◆ Exercise aim
Taking the entries below, transcribe only the lines starting with the one with "2020光伏行业分析报告" and going on through the one with "Военная операция на", exactly as written, without the pictures.

◆ Data for this exercise
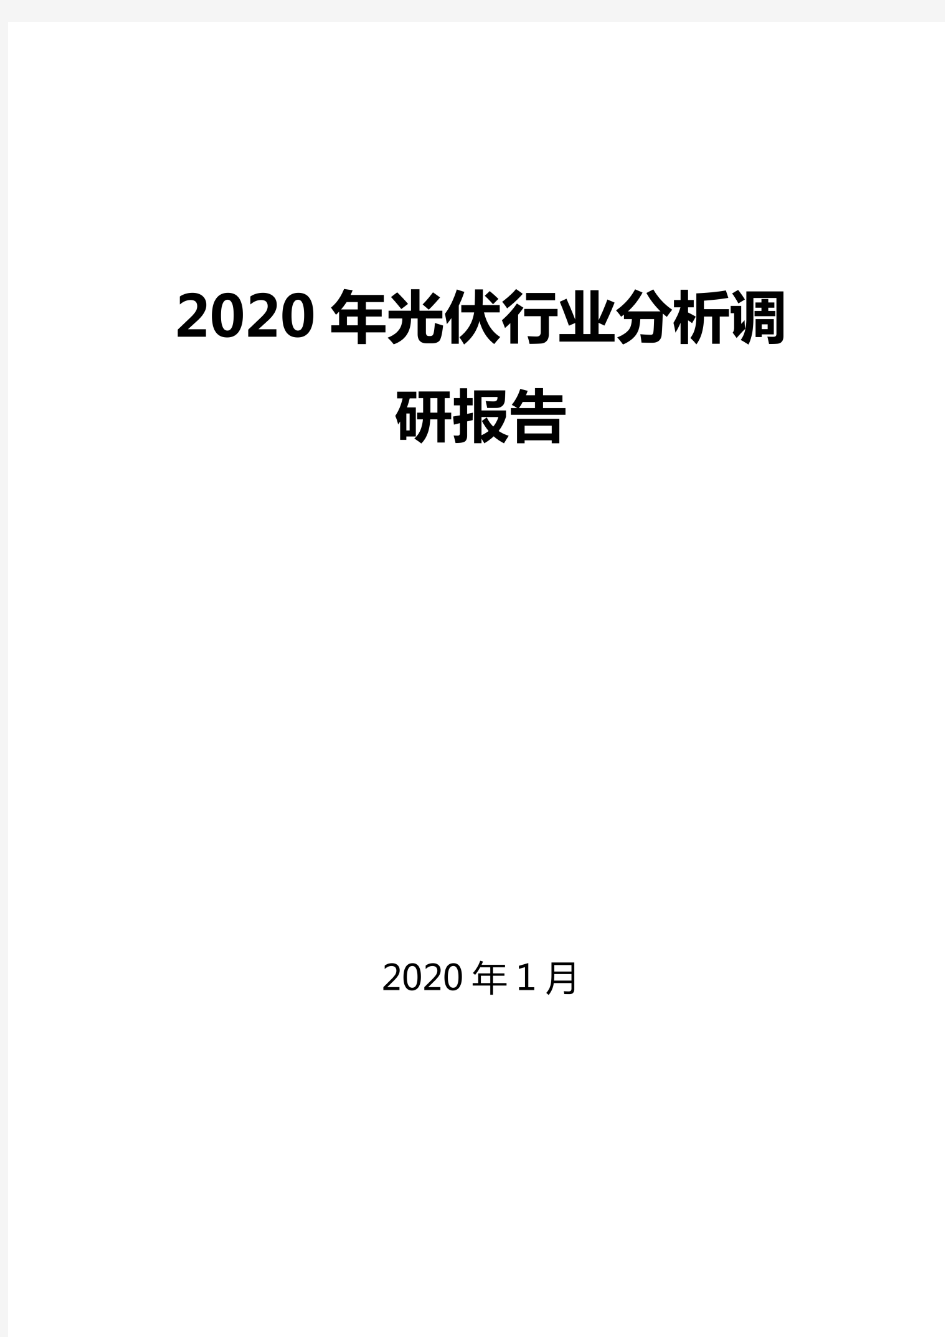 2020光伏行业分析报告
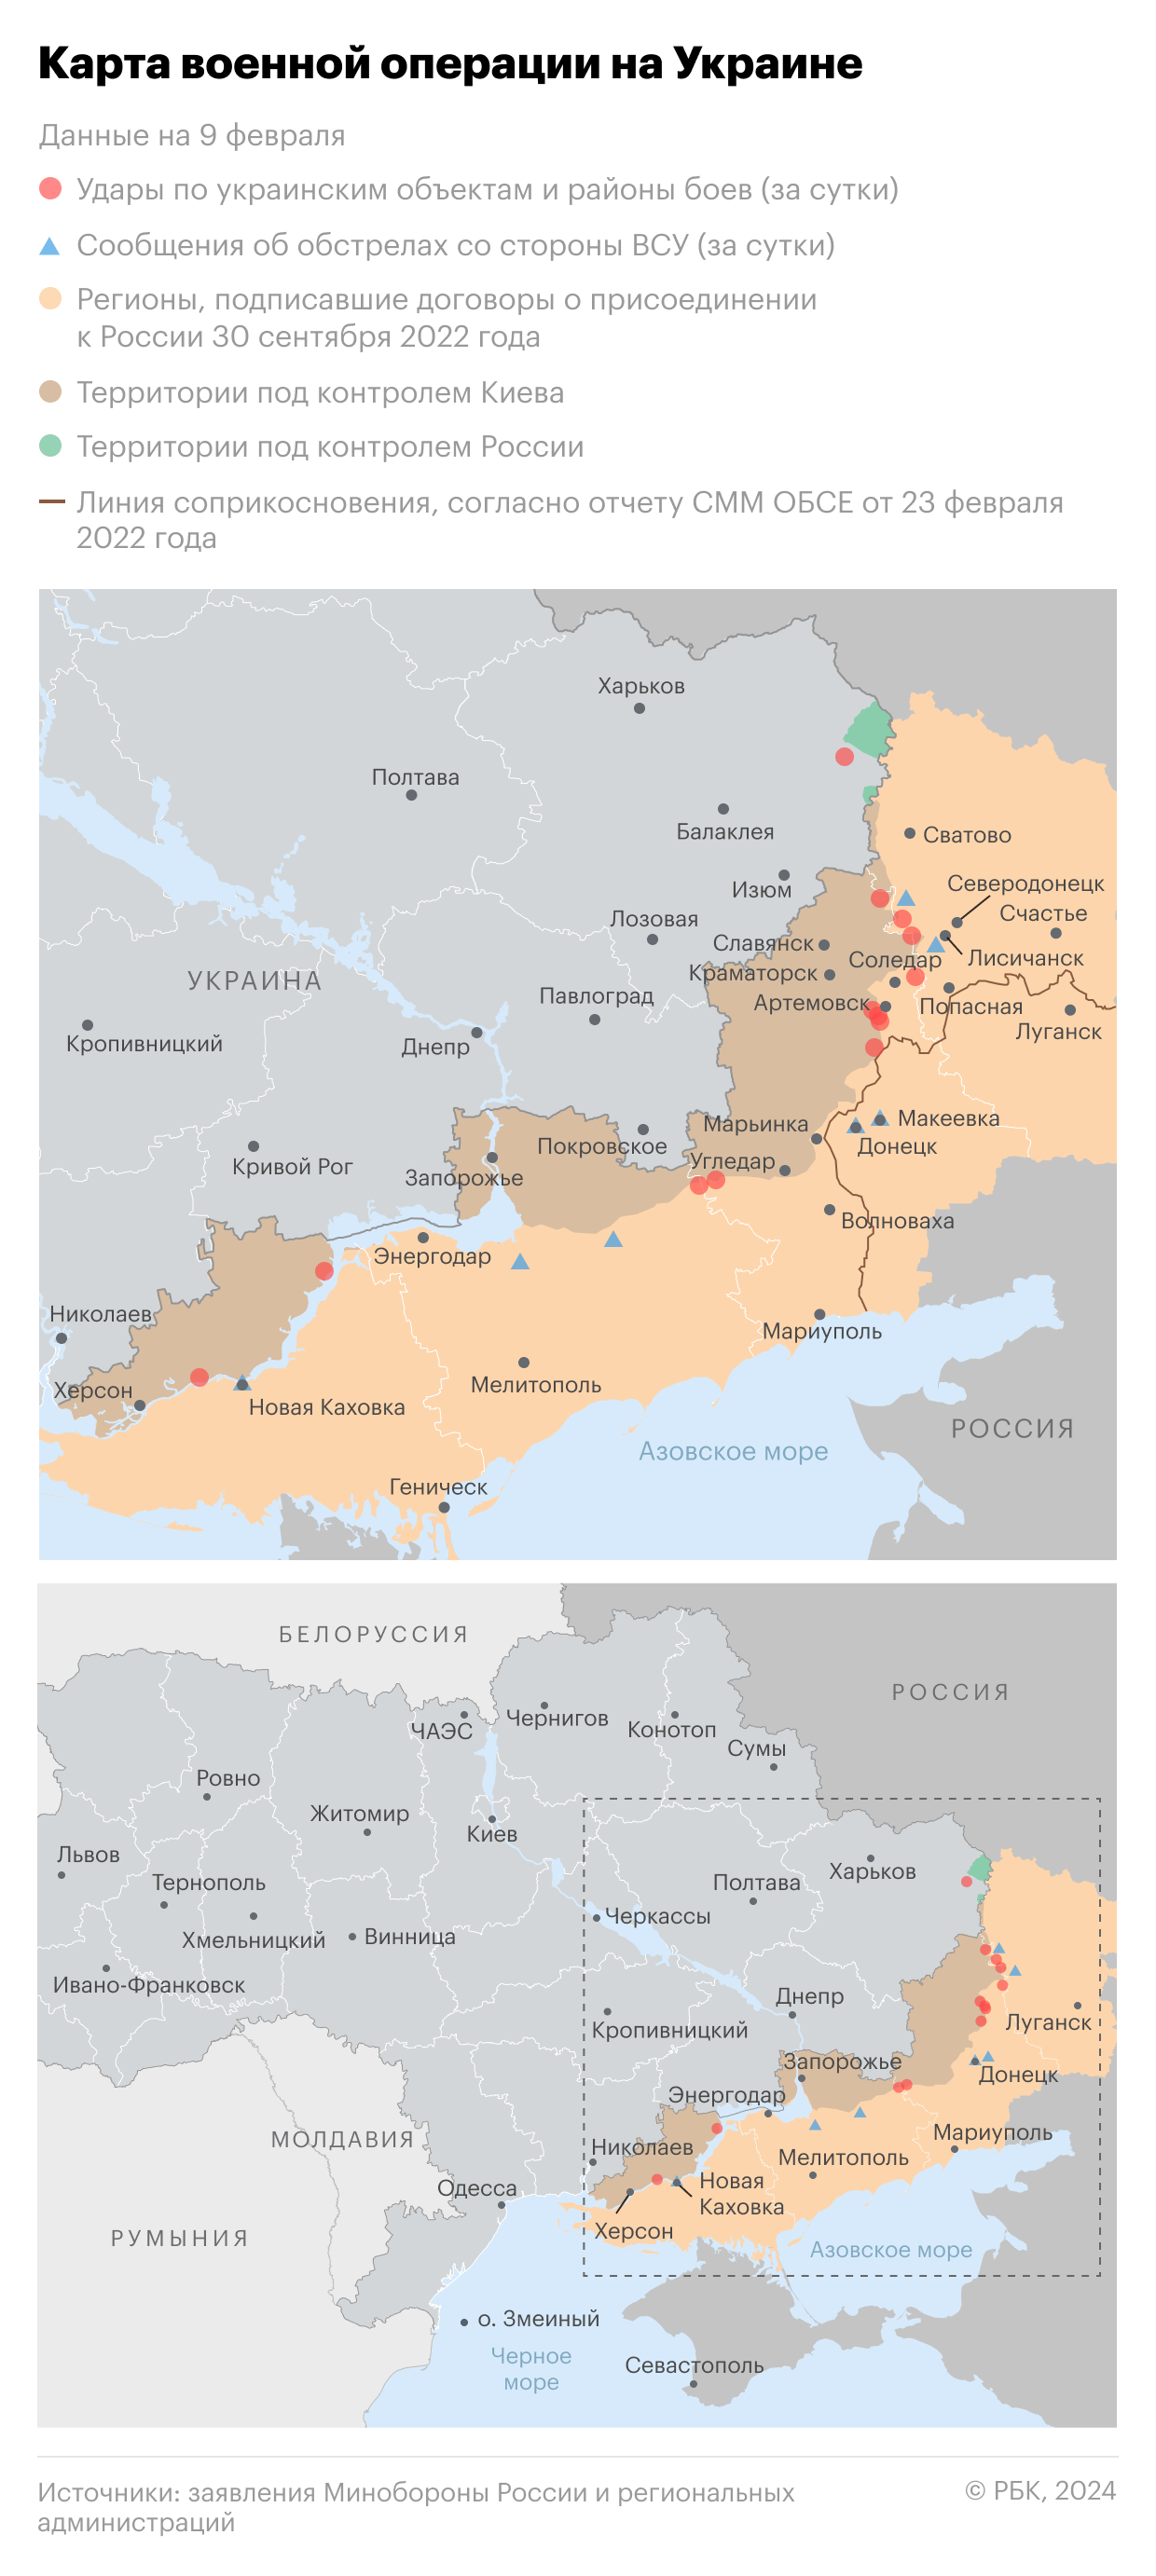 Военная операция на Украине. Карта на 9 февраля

==

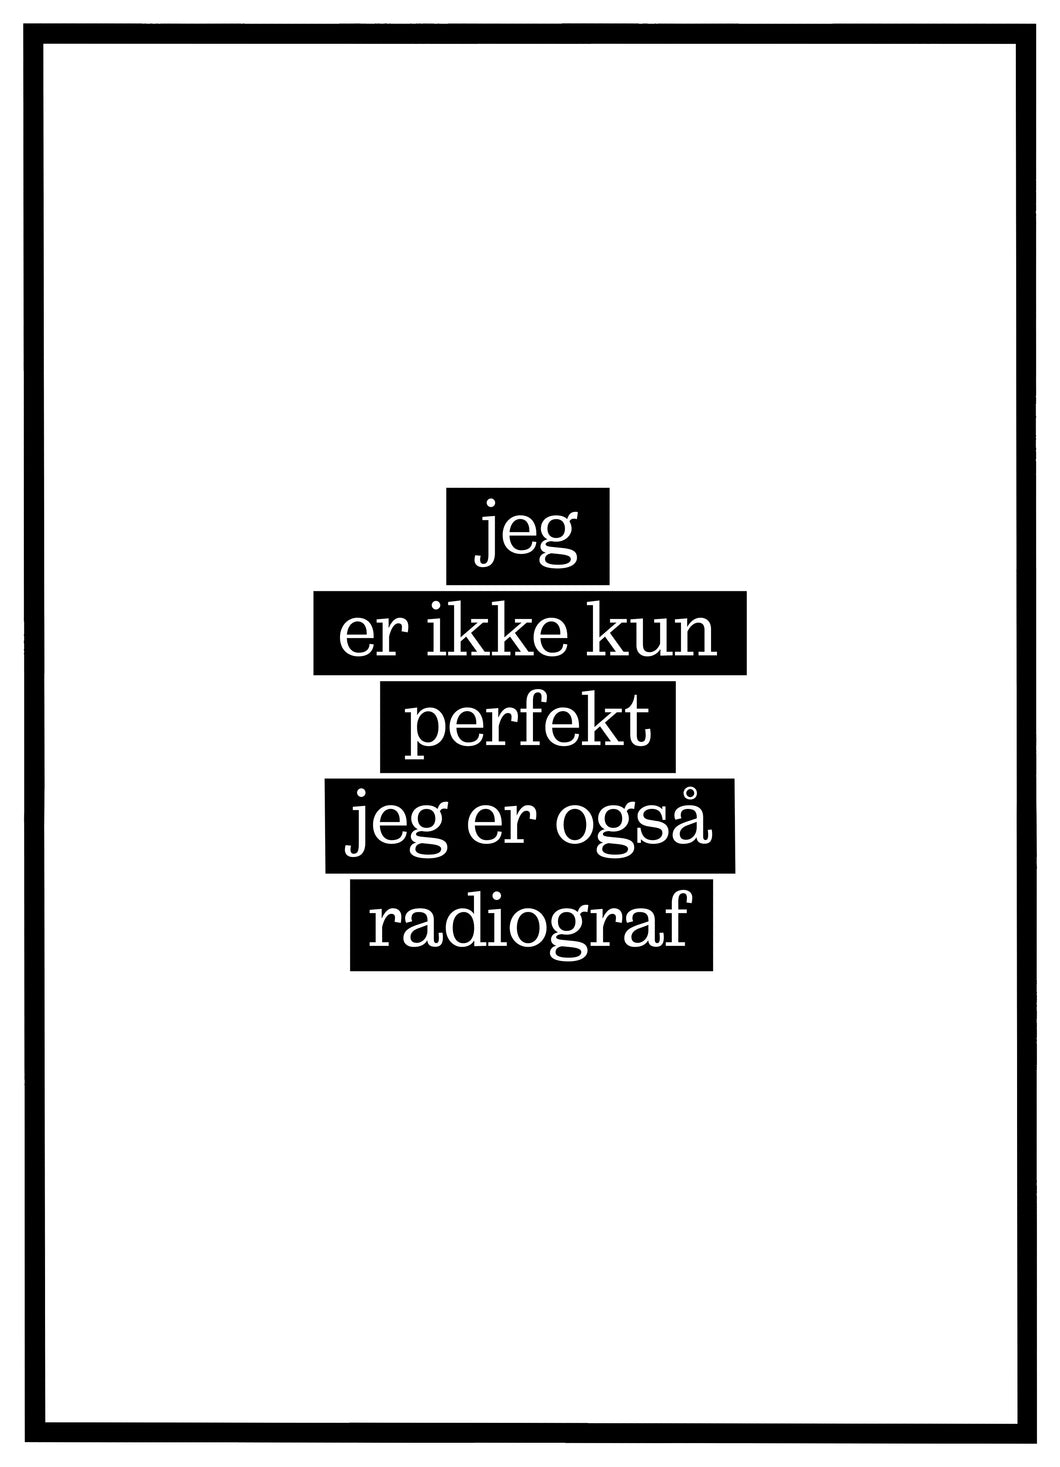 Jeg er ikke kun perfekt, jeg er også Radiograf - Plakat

◆ Answer for this exercise
 2020光伏行业分析报告
 Военная операция на Украине. Карта на 9 февраля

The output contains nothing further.